题目描述
对于给出的 \(n\) 个询问,每次求有多少个数对 \((x,y)\),满足 \(a \le x \le b\),\(c \le y \le d\),且 \(\gcd(x,y) = k\),\(\gcd(x,y)\) 函数为 \(x\) 和 \(y\) 的最大公约数。
题解
莫比乌斯反演
我们可以用二维前缀和的思想,我们设
\(f(n,m)=\sum\limits_{i=1}^n \sum\limits_{j=1}^m [\gcd(i,j)=k]\),
那答案应为
\(f(b,d)-f(b,c-1)-f(a-1,d)+f(a-1,c-1)\)
接下来看看\(f(n,m)\)怎么求:
\(\sum\limits_{i=1}^n \sum\limits_{j=1}^m [\gcd(i,j)=k]\)
\(=\sum\limits_{i=1}^{n/k} \sum\limits_{j=1}^{m/k} [\gcd(i,j)=1]\)
使用莫比乌斯反演
\(=\sum\limits_{i=1}^{n/k} \sum\limits_{j=1}^{m/k} \sum\limits_{d|gcd(i,j)}\mu(d)\)
把\(d\)放到前面枚举,设\(i=xd,\ j=yd\)
\(=\sum\limits_{d} \mu(d) * \sum\limits_{x=1}^{n/kd} \sum\limits_{y=1}^{m/kd} 1\)
\(=\sum\limits_{d} \mu(d) * \lfloor \frac{n}{kd}\rfloor * \lfloor \frac{m}{kd}\rfloor\)

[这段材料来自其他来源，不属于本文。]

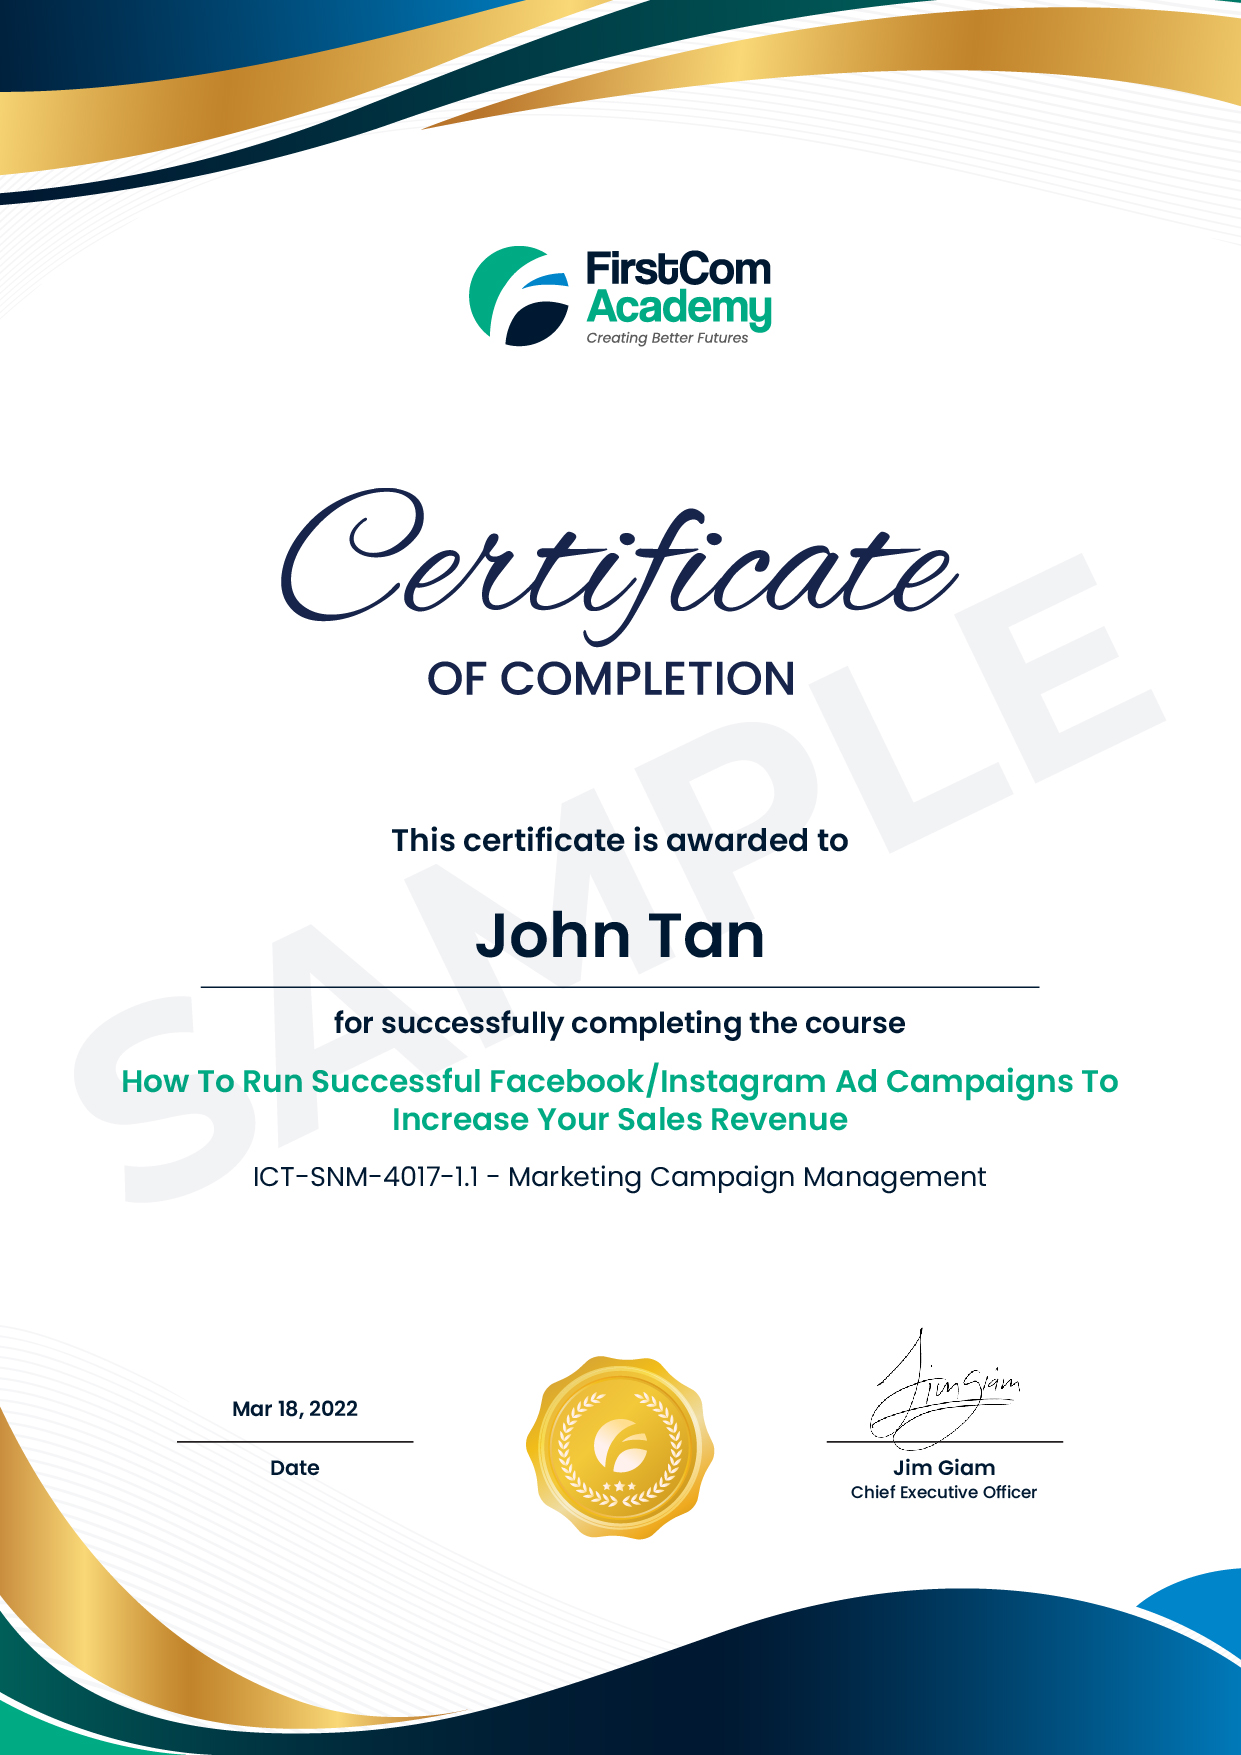 Facebook marketing course certificate by FirstCom Academy Singapore

预处理\(\mu(d)\)的前缀和,使用除法分块即可做到时间复杂度\(O(\sqrt{n})\)
总时间复杂度\(O(n\sqrt{n})\)
#include <bits/stdc++.h>
using namespace std;
int t, a, b, c, d, k;
int pr[50005], mb[50005], sum[50005], tot;
bool np[50005];
void init() {
mb[1] = 1;
for (int i = 2; i <= 50000; i++) {
if (!np[i]) pr[++tot] = i, mb[i] = -1;
for (int j = 1; j <= tot && i * pr[j] <= 50000; j++) {
np[i*pr[j]] = 1;
if (i % pr[j] == 0) {
mb[i*pr[j]] = 0;
break;
} else mb[i*pr[j]] = -mb[i];
}
}
for (int i = 1; i <= 50000; i++) sum[i] = sum[i-1] + mb[i];
}
int solve(int nn, int mm) {
int ret = 0, n = nn / k, m = mm / k;
for (int l = 1, r = 0; l <= min(n, m); l = r + 1) {
r = min(n / (n / l), m / (m / l));
ret += (sum[r] - sum[l-1]) * (n / l) * (m / l);
}
return ret;
}
int main() {
scanf("%d", &t);
init();
while (t--) {
scanf("%d %d %d %d %d", &a, &b, &c, &d, &k);
printf("%d\n", solve(b, d) + solve(a-1, c-1) - solve(b, c-1) - solve(a-1, d));
}
return 0;
}